_PROMPT_
Nothing but the lines from the start of the data through the line with "Fiesta Recyclable Cocktail" should appear in the answer, each retyped exactly, and pictures should not.
RECORDS SUPPLIED: Begin
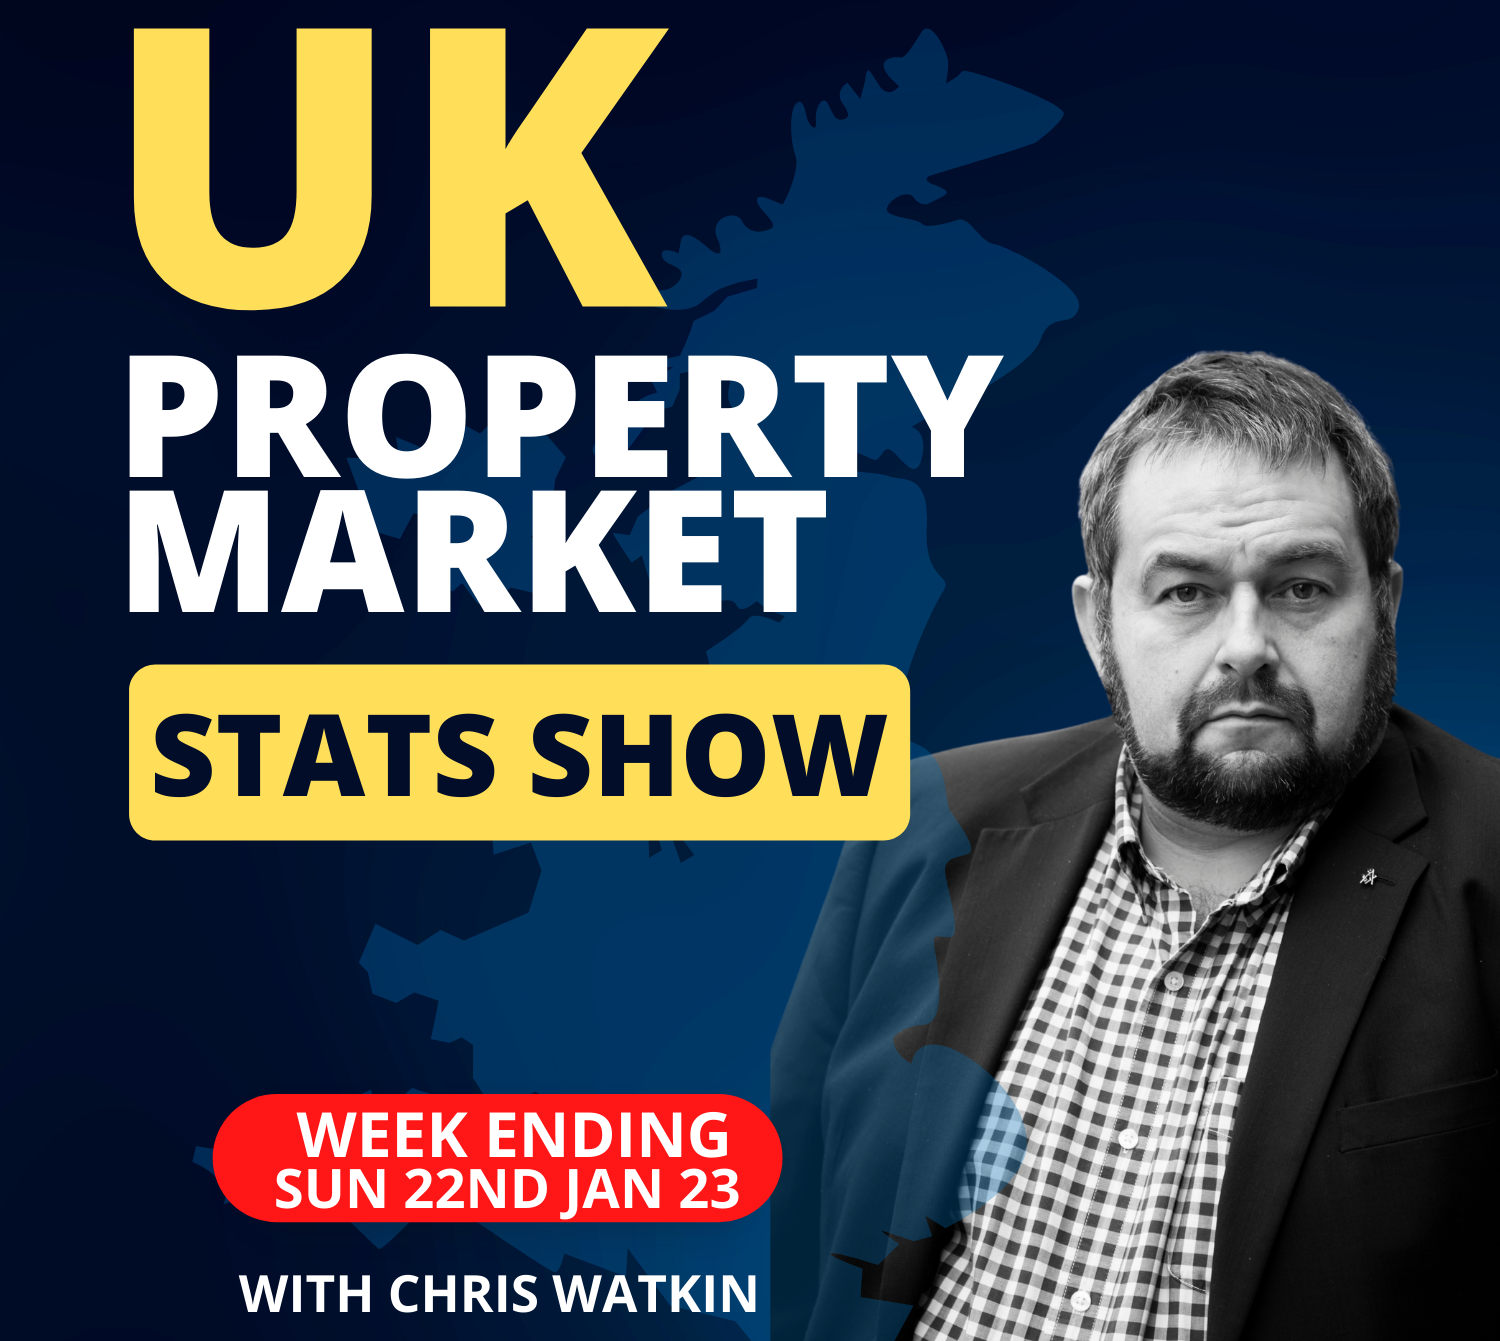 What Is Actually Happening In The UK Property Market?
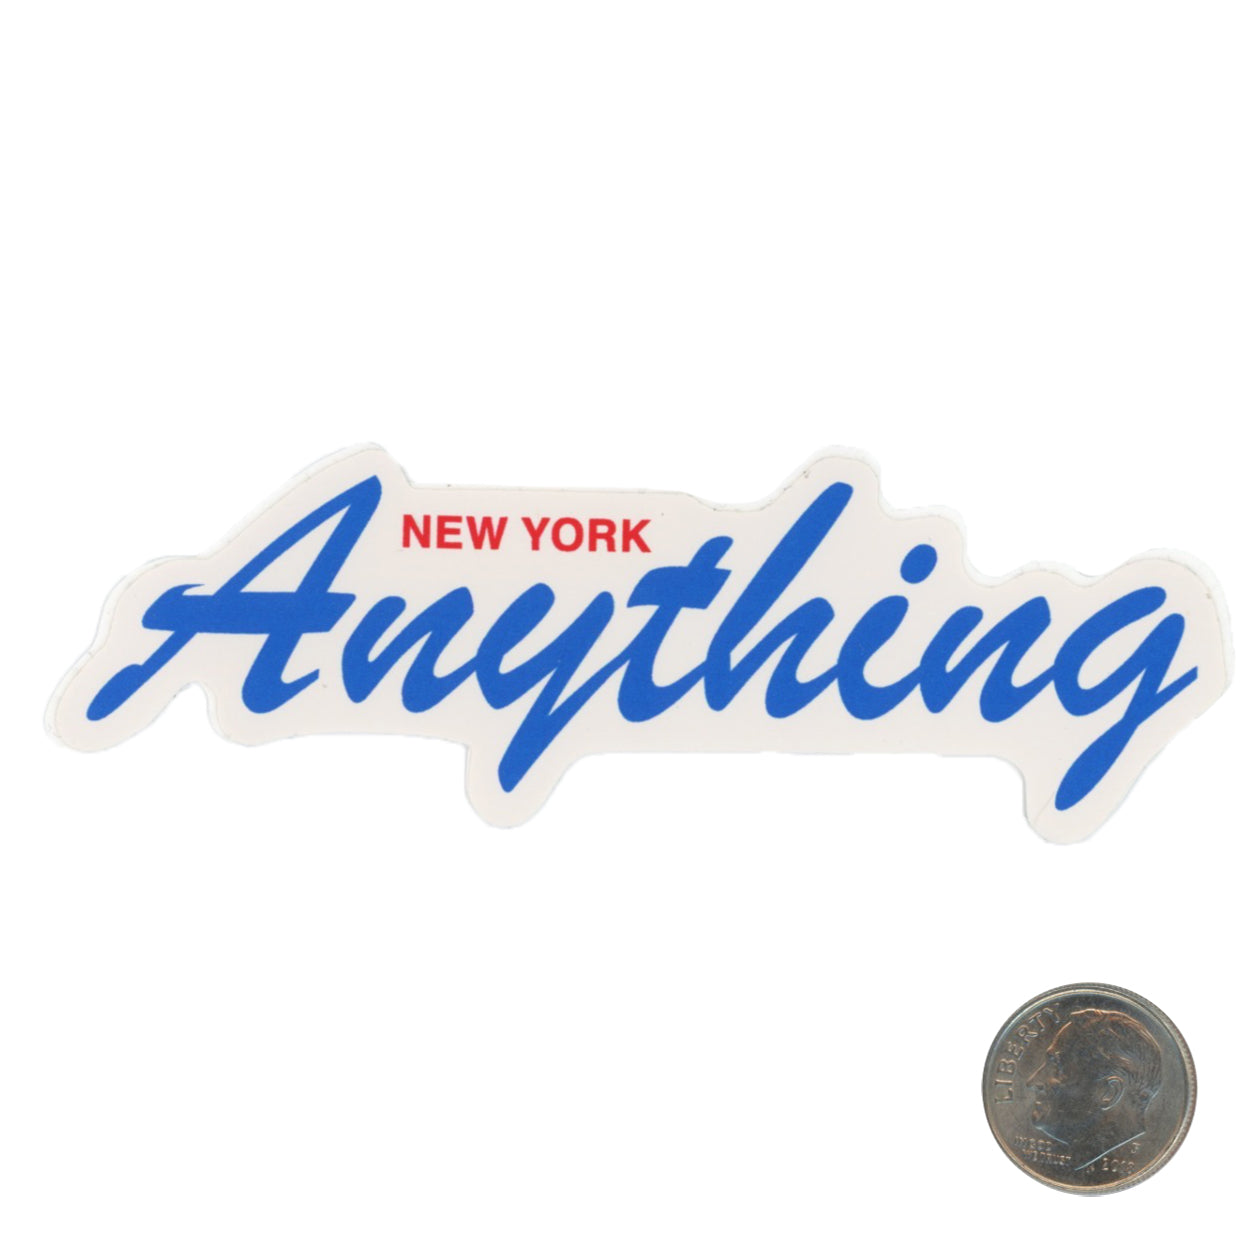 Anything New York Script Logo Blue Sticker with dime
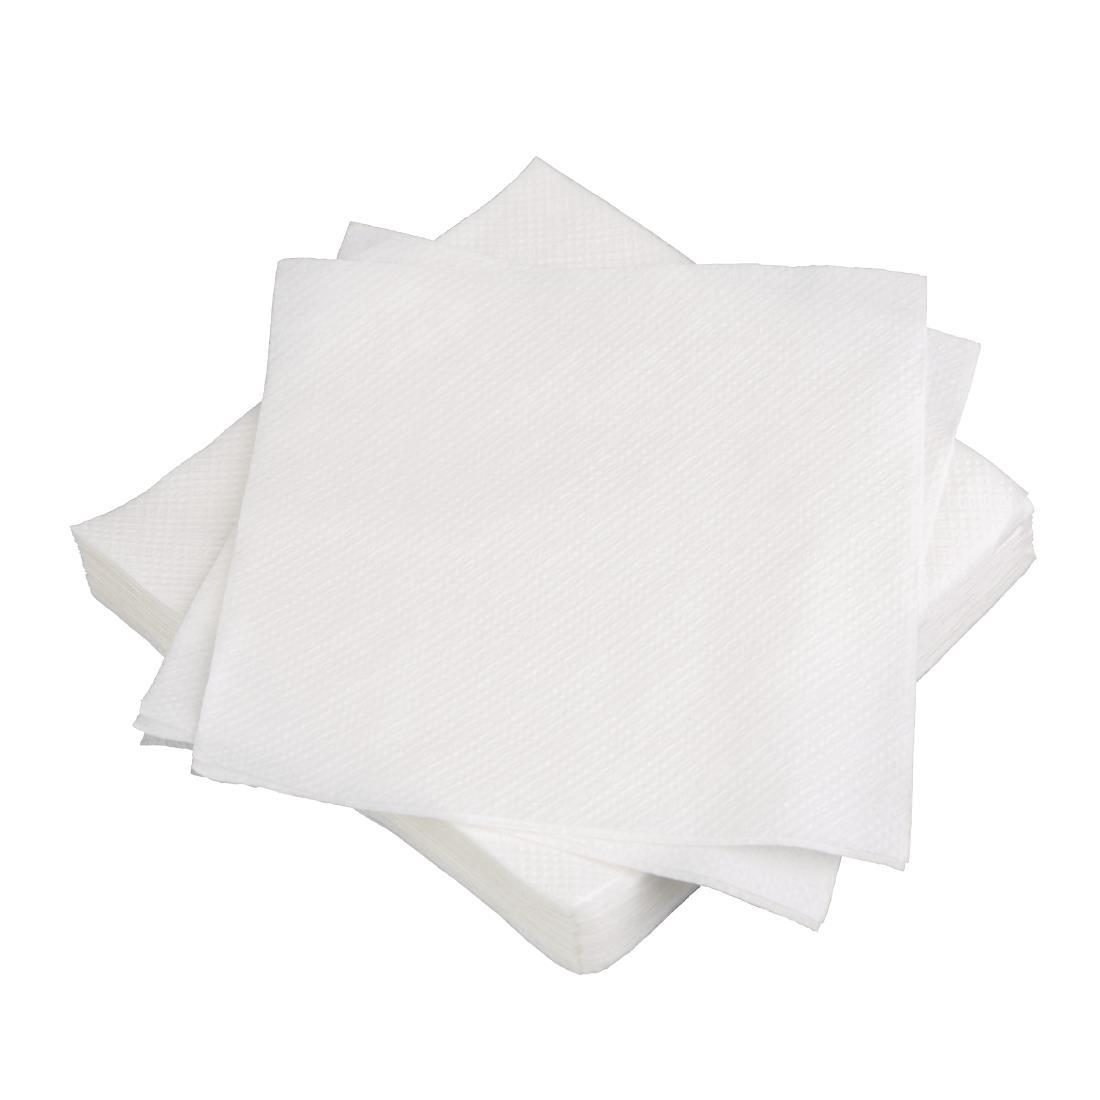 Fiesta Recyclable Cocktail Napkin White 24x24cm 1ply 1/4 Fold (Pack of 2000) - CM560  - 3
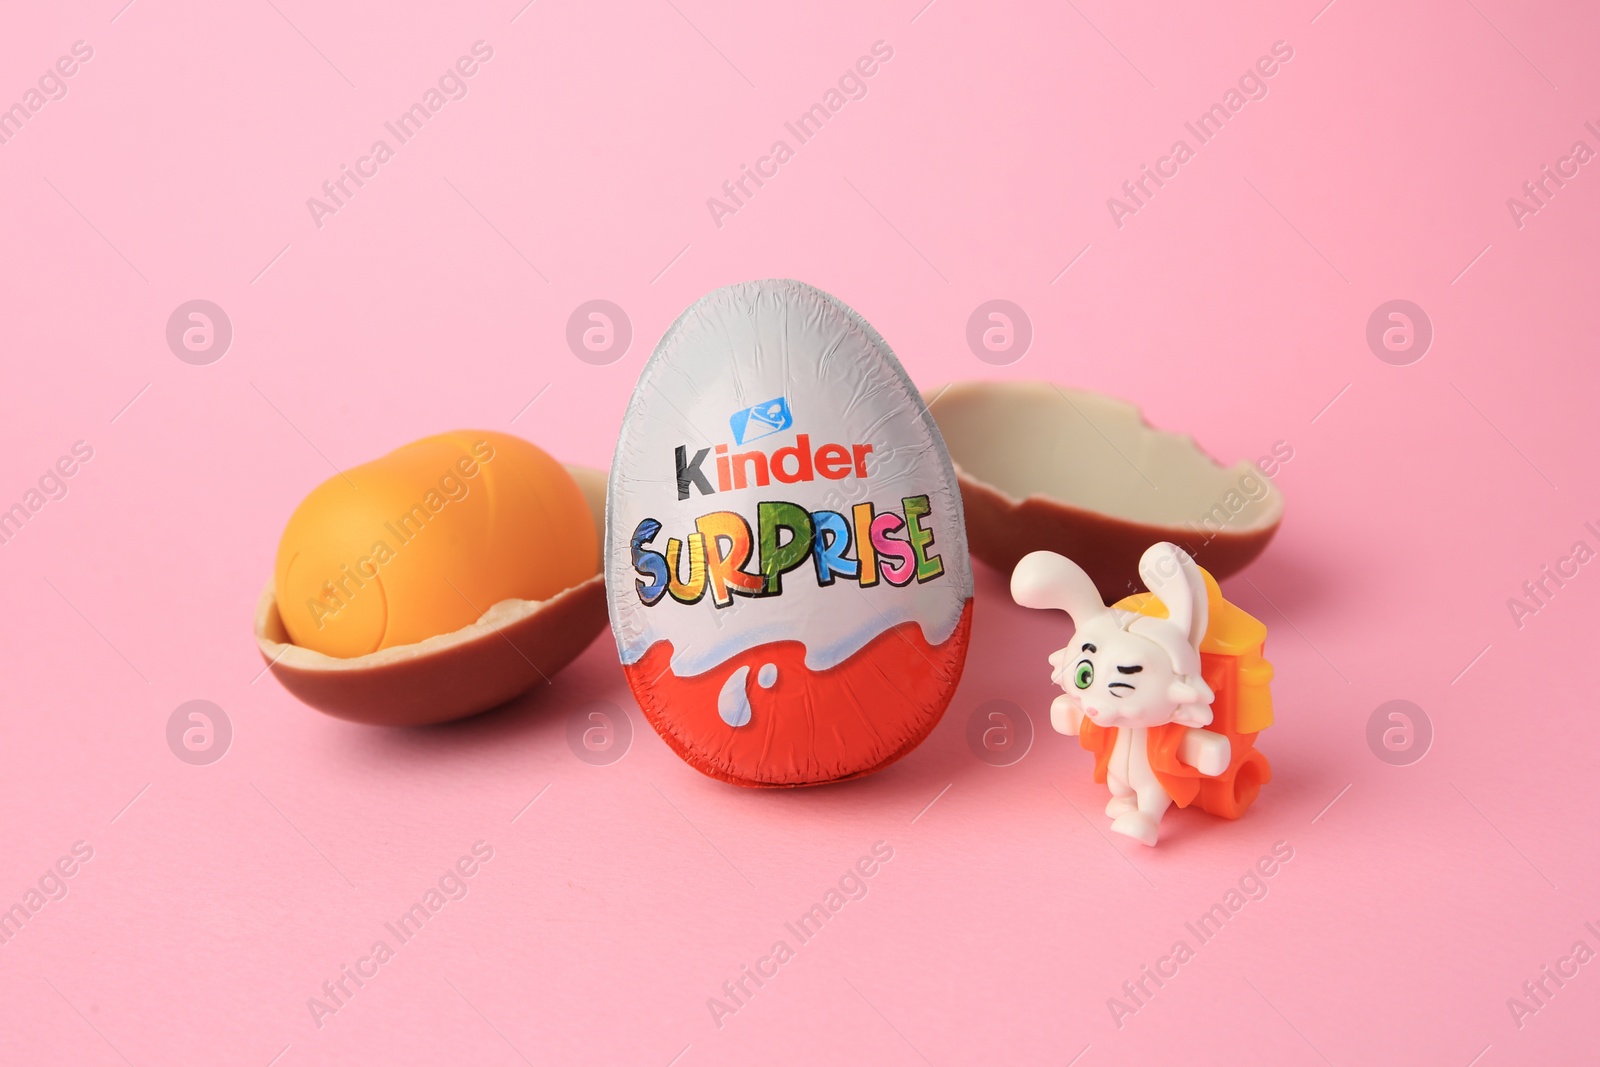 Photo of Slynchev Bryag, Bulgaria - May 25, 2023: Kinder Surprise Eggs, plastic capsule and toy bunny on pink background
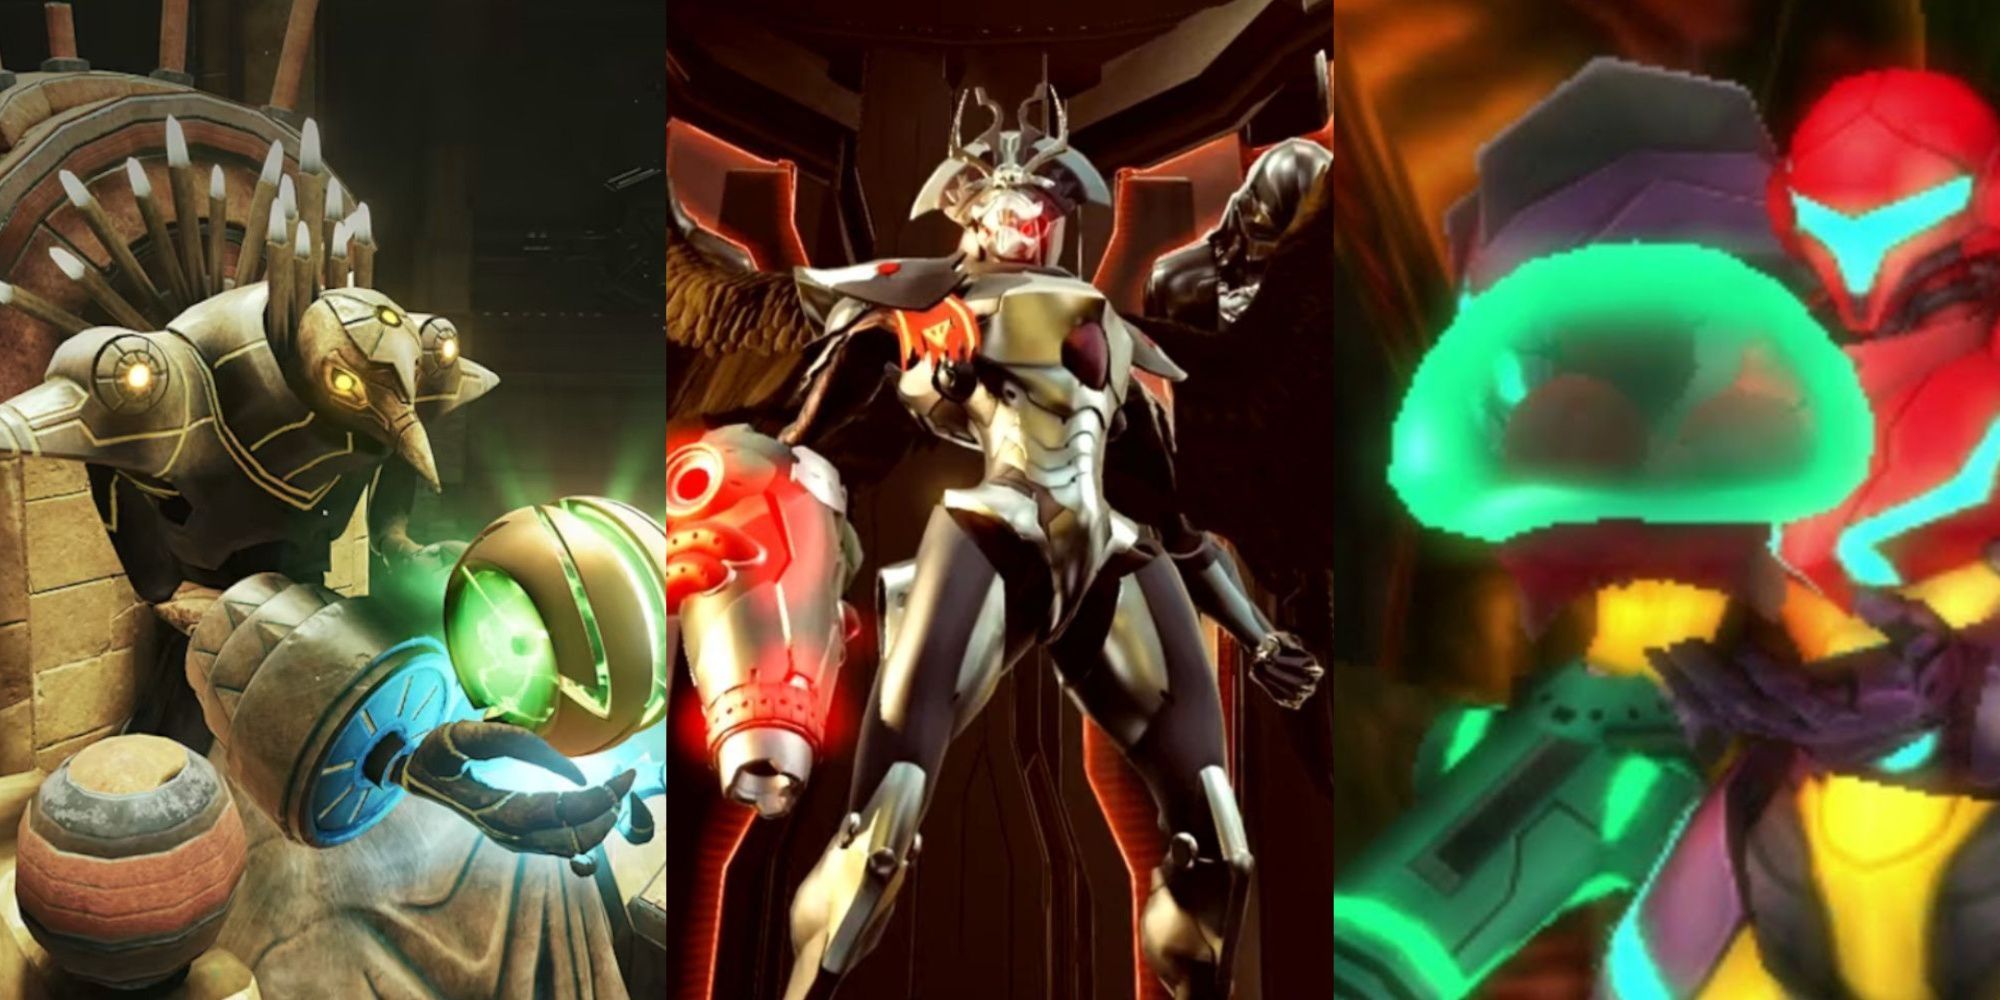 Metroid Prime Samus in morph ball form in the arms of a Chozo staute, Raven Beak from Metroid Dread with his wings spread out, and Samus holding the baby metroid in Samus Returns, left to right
RECORDS SUPPLIED: End
_RESPONSE TO THE TASK_
 What Is Actually Happening In The UK Property Market?
 Anything New York Script Logo Blue Sticker with dime
 Fiesta Recyclable Cocktail Napkin White 24x24cm 1ply 1/4 Fold (Pack of 2000) - CM560  - 3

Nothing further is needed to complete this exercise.